WashPost's Milbank Slams Conservatives, Even Liberal Media on Obama No-Show In Paris

January 13th, 2015 9:21 AM

On Tuesday, The Washington Post’s delayed story on Obama’s no-show in Paris showed up on page A-9. On A-2, Post columnist Dana Milbank defended Obama with a column titled “Conservatives find their inner Francophiles.” He insisted “The conservatives are guilty of a bit of inconsistency, if not hypocrisy, in criticizing the Obama administration for snubbing a people they not long ago called cheese-eating surrender monkeys.”

This is as “inconsistent” as mocking the ultraliberalism of Boston and then sympathizing with Bostonians after terrorists blew up the finish line at the Boston Marathon. Are we supposed to believe Milbank would applaud conservatives if they never stopped to mourn a terrorist attack or make a "Boston Strong" gesture of good will?

Milbank didn’t just scold conservatives, but the media that found a scandal in Obama’s no-show:

Media outlets joined the cri de coeur: Politico called it “Barack Obama’s French kiss-off,” and the New York Daily News said Obama and his lieutenants “let the world down.” Sacré bleu!
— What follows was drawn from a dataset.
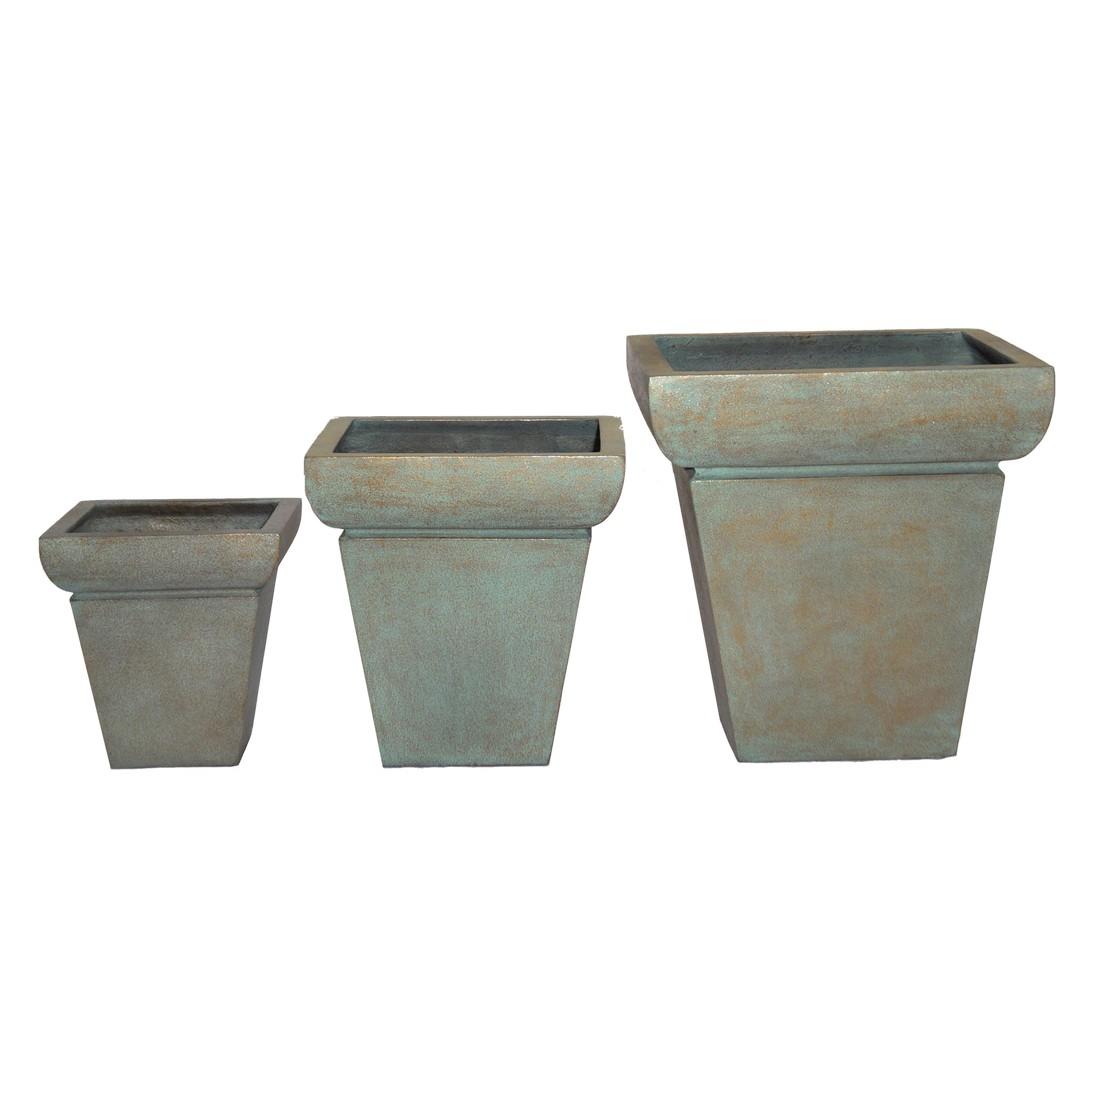 Pflanzkübel Copper Green – Kunststoff – Desgin Eckig – Normal – 31 cm30 cm, Viducci's Garden bestellen

Largely absent from this condemnation of the American government’s slight of the French were the French themselves. French President François Hollande said Obama had been “very present” in the response to last week’s attacks on the satirical newspaper Charlie Hebdo and a Jewish market.  

Speaking of inconsistencies, during the Bush years, Milbank thought it was scandalous that Vice President Dick Cheney wore sunglasses to meet the dictator of communist China:

The protocol-obsessed Chinese leader suffered a day full of indignities -- some intentional, others just careless. The visit began with a slight when the official announcer said the band would play the "national anthem of the Republic of China" -- the official name of Taiwan. It continued when Vice President Cheney donned sunglasses for the ceremony, and again when Hu, attempting to leave the stage via the wrong staircase, was yanked back by his jacket. Hu looked down at his sleeve to see the president of the United States tugging at it as if redirecting an errant child.
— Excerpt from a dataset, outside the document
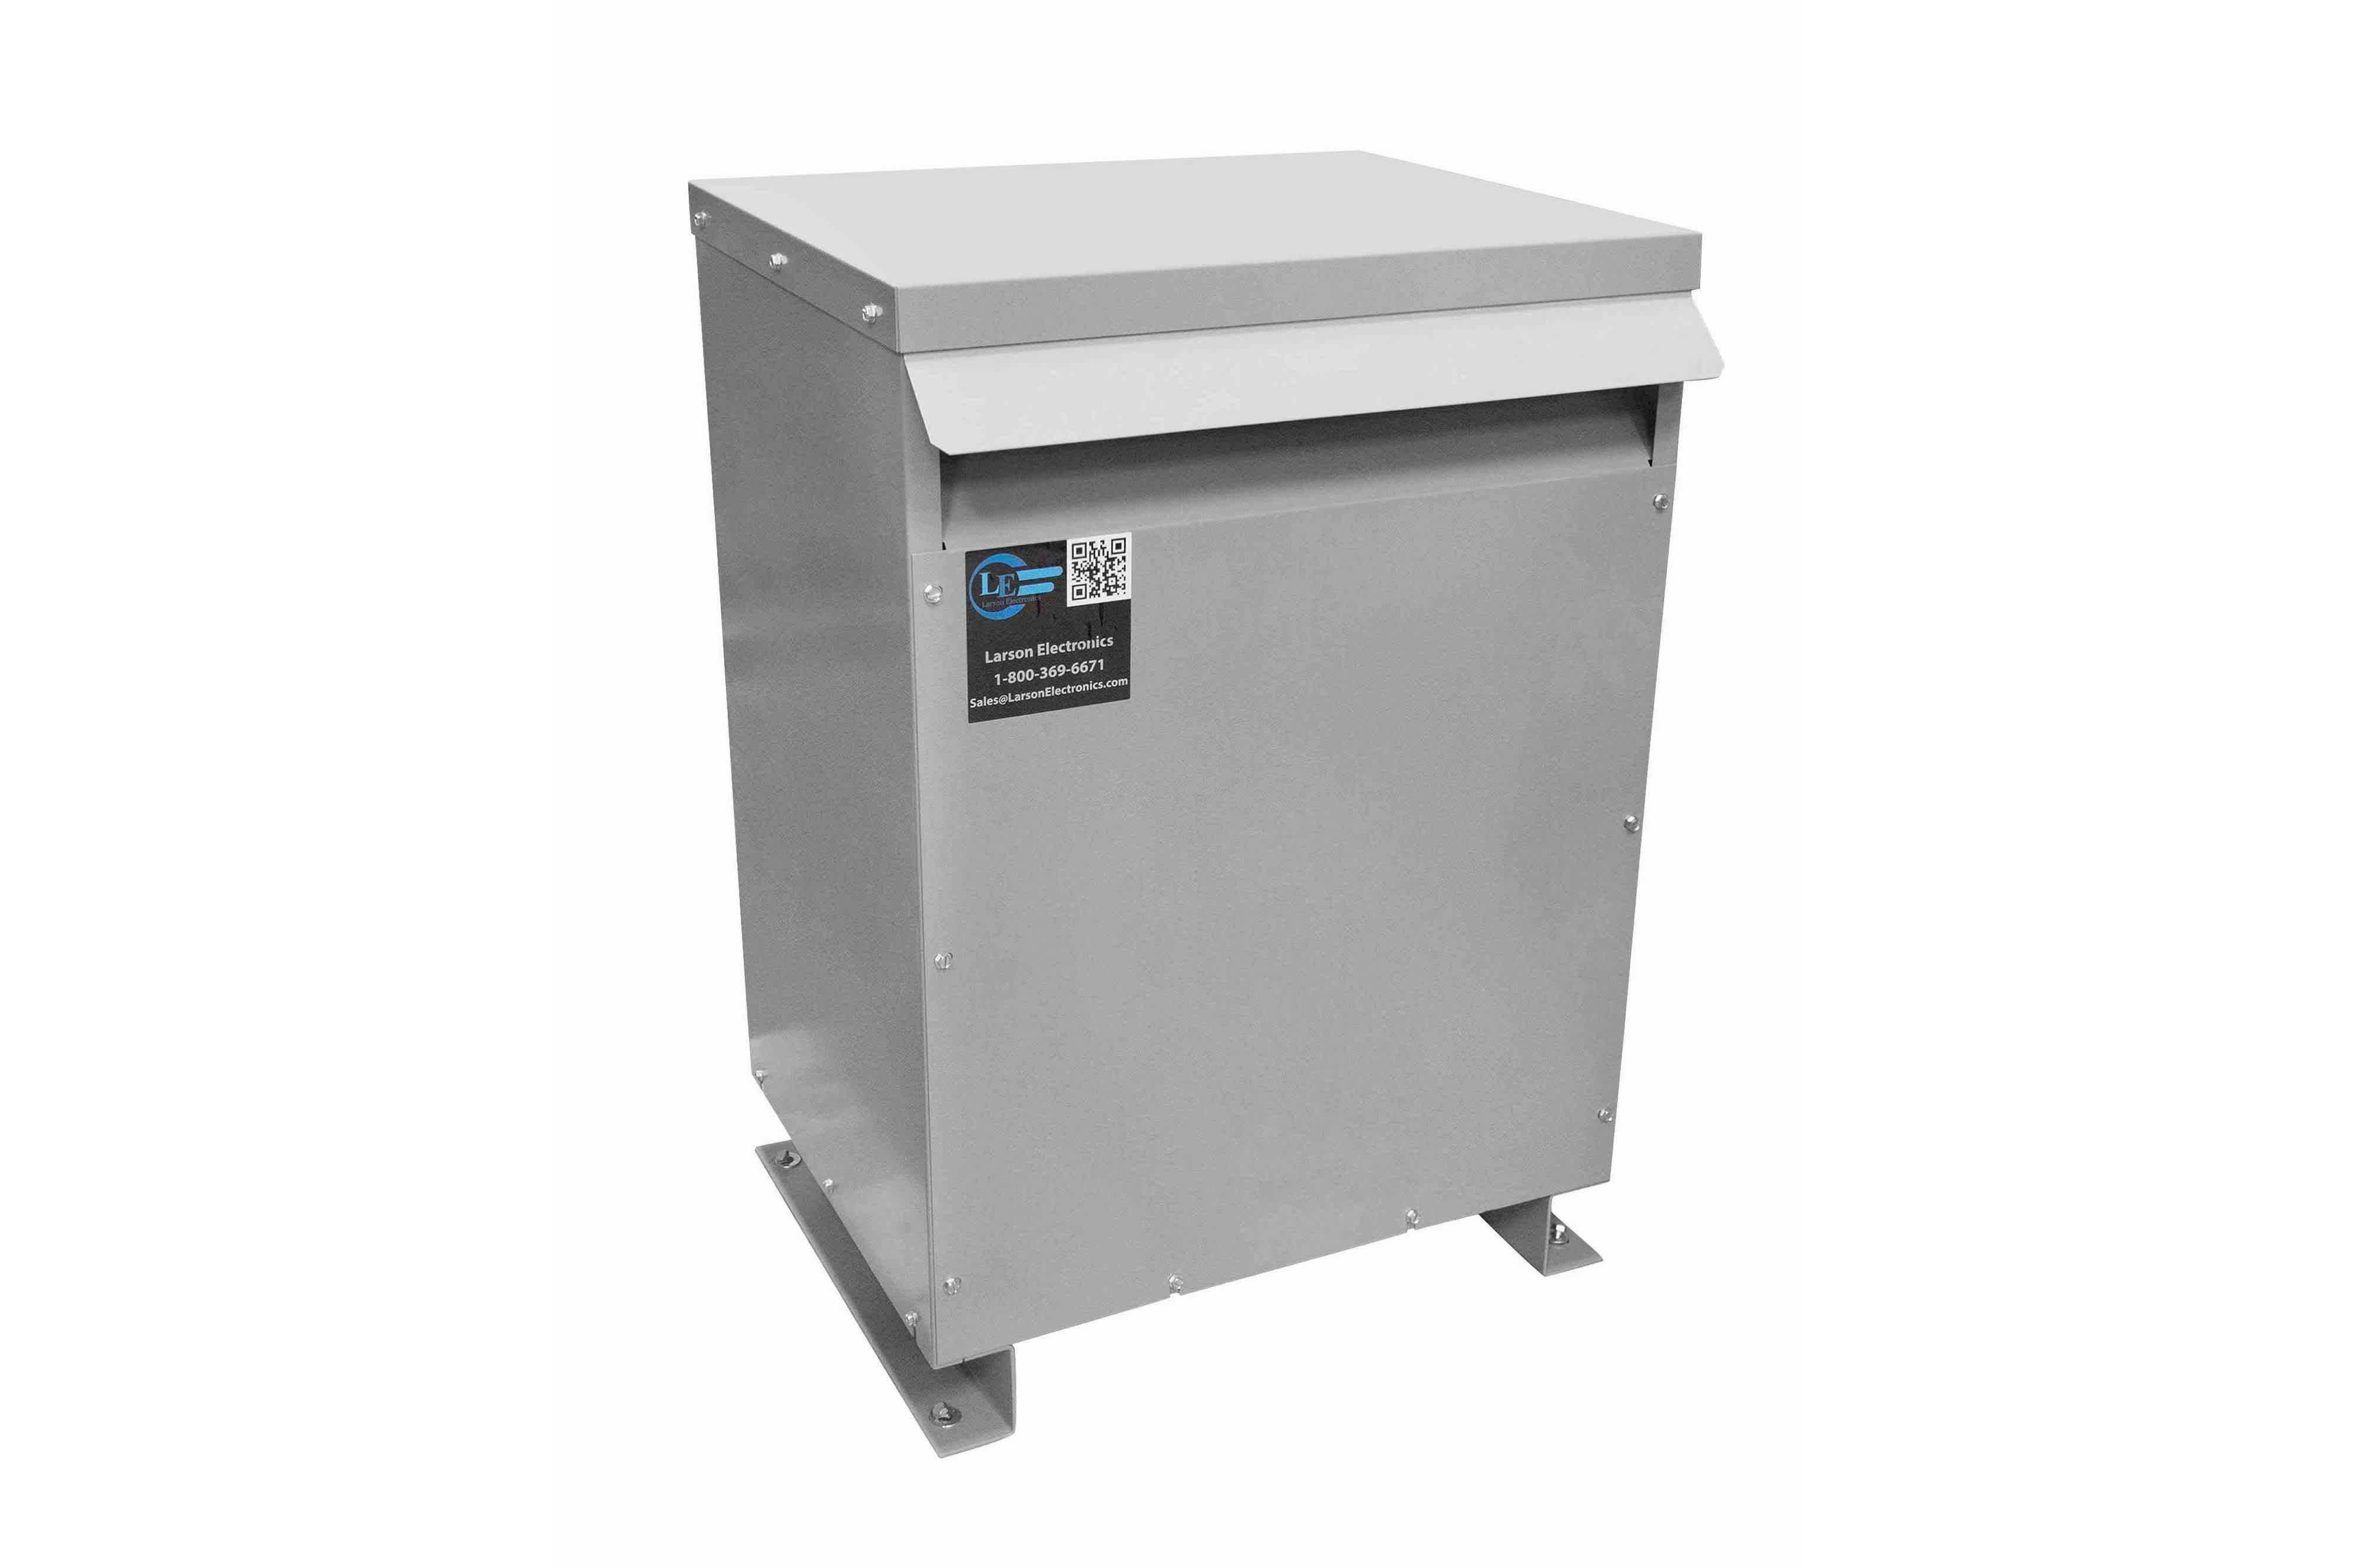 137.5 kVA 3PH Isolation Transformer, 208V Wye Primary, 480V Delta Secondary, N3R, Ventilated, 60 Hz

Milbank was most outraged that the dictator of China was heckled for several minutes by a supporter of the dissident Falun Gong movement.

The Post columnist noticeably put down his usual Super Size bucket of snark to defend John Kerry in this kerfuffle:

But the notion that Kerry, of all people, was slighting the French is a bit incroyable. The son of a diplomat, Kerry has close family in France and learned the language at a Swiss boarding school. After the initial massacre in Paris last week, he addressed the shooting at an appearance with the Polish foreign minister, in both English and in French. French TV channel TF1 said that Kerry’s “poignant statement in French” would “go down in history.” The French intellectual Bernard-Henri Lévy said on CNN that Kerry’s French statement “is a great moment of brotherhood and solidarity.”
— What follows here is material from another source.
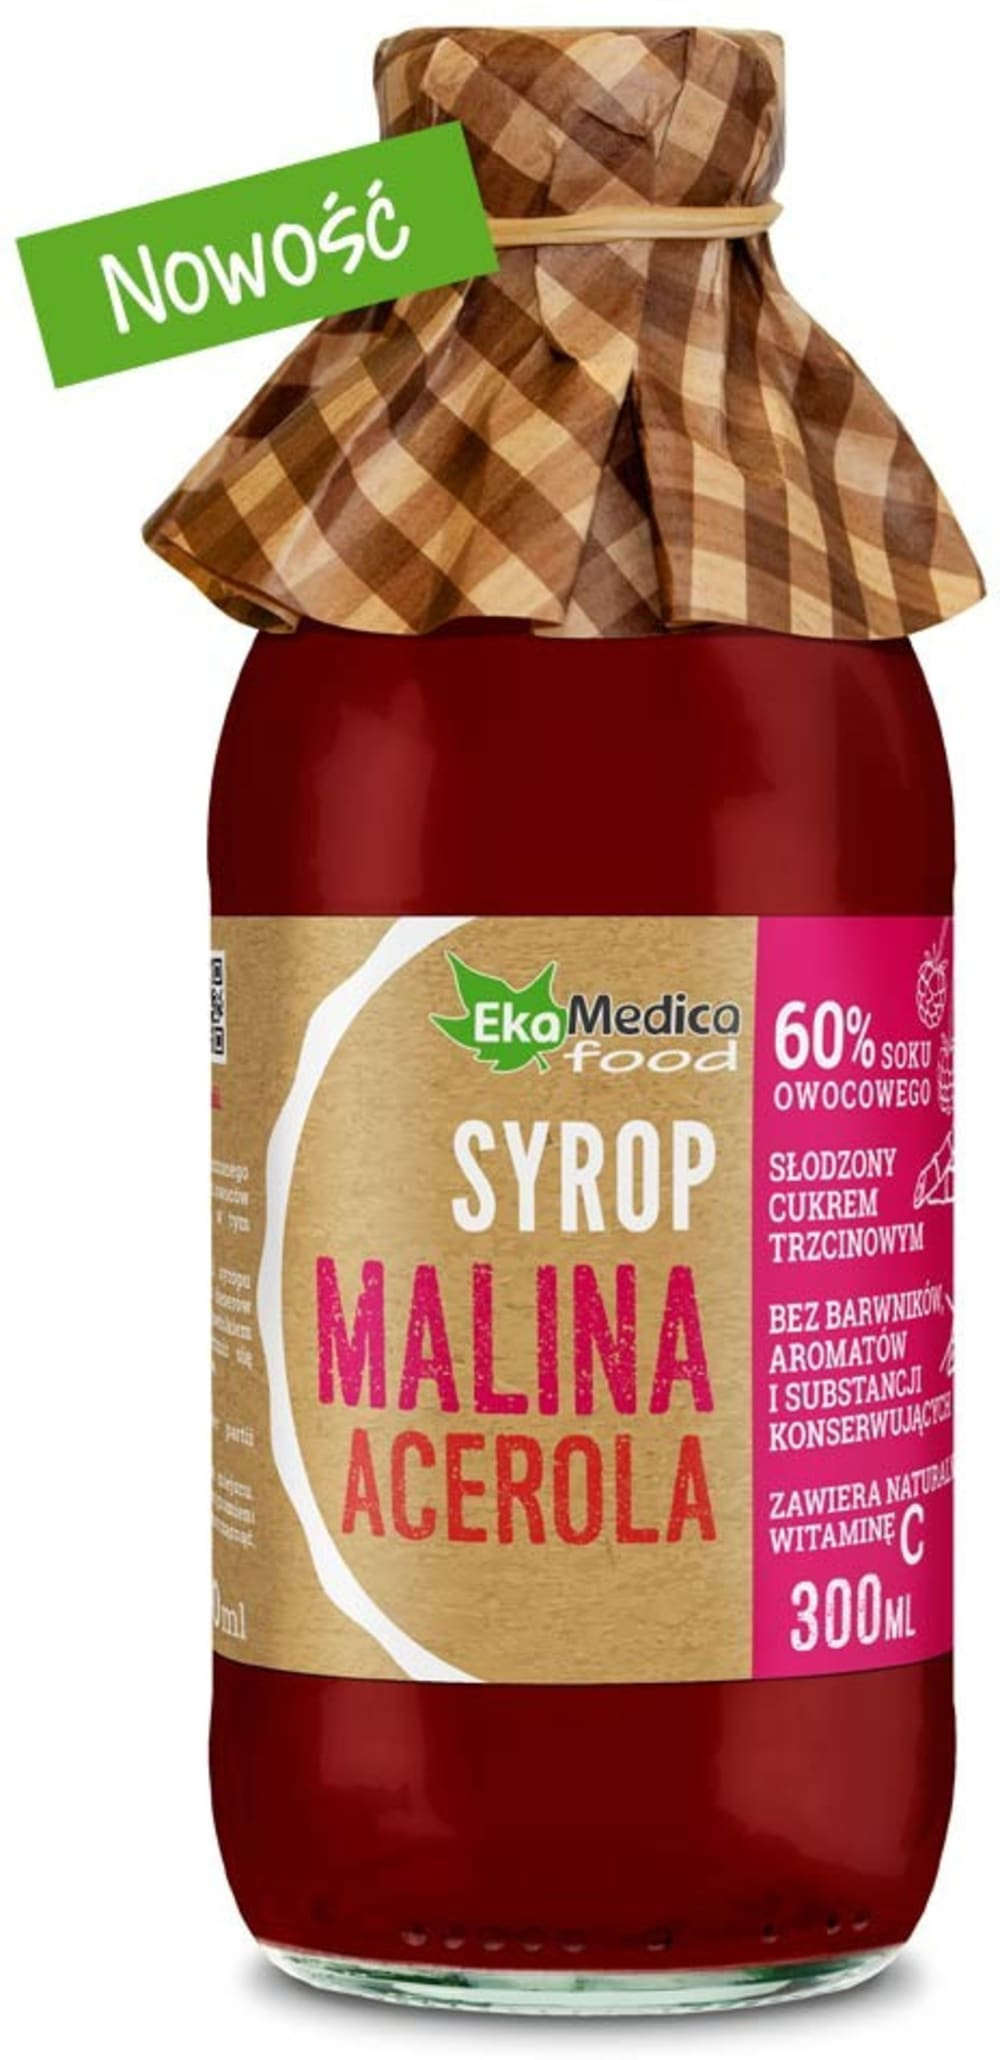 Syrop Malina Acerola 300ml

After all, Milbank’s heart grew three Grinch sizes last year as he proclaimed that Kerry was meant to be Secretary of State (did he want a job like former Time editor Richard Stengel received?):

Not since John Quincy Adams, perhaps, has a man been bred to be secretary of state as John Kerry has. A son of the world and a scion of privilege, he struggled to demonstrate the common touch, mocked in 2004 for his windsurfing and his French. But for this job he’s well-suited, literally: He wore a lustrous blue suit and a salmon-pink tie for his first day; as he was being introduced, he fished in his jacket sleeve for his shirt cuff, making it peek out that perfect half-inch.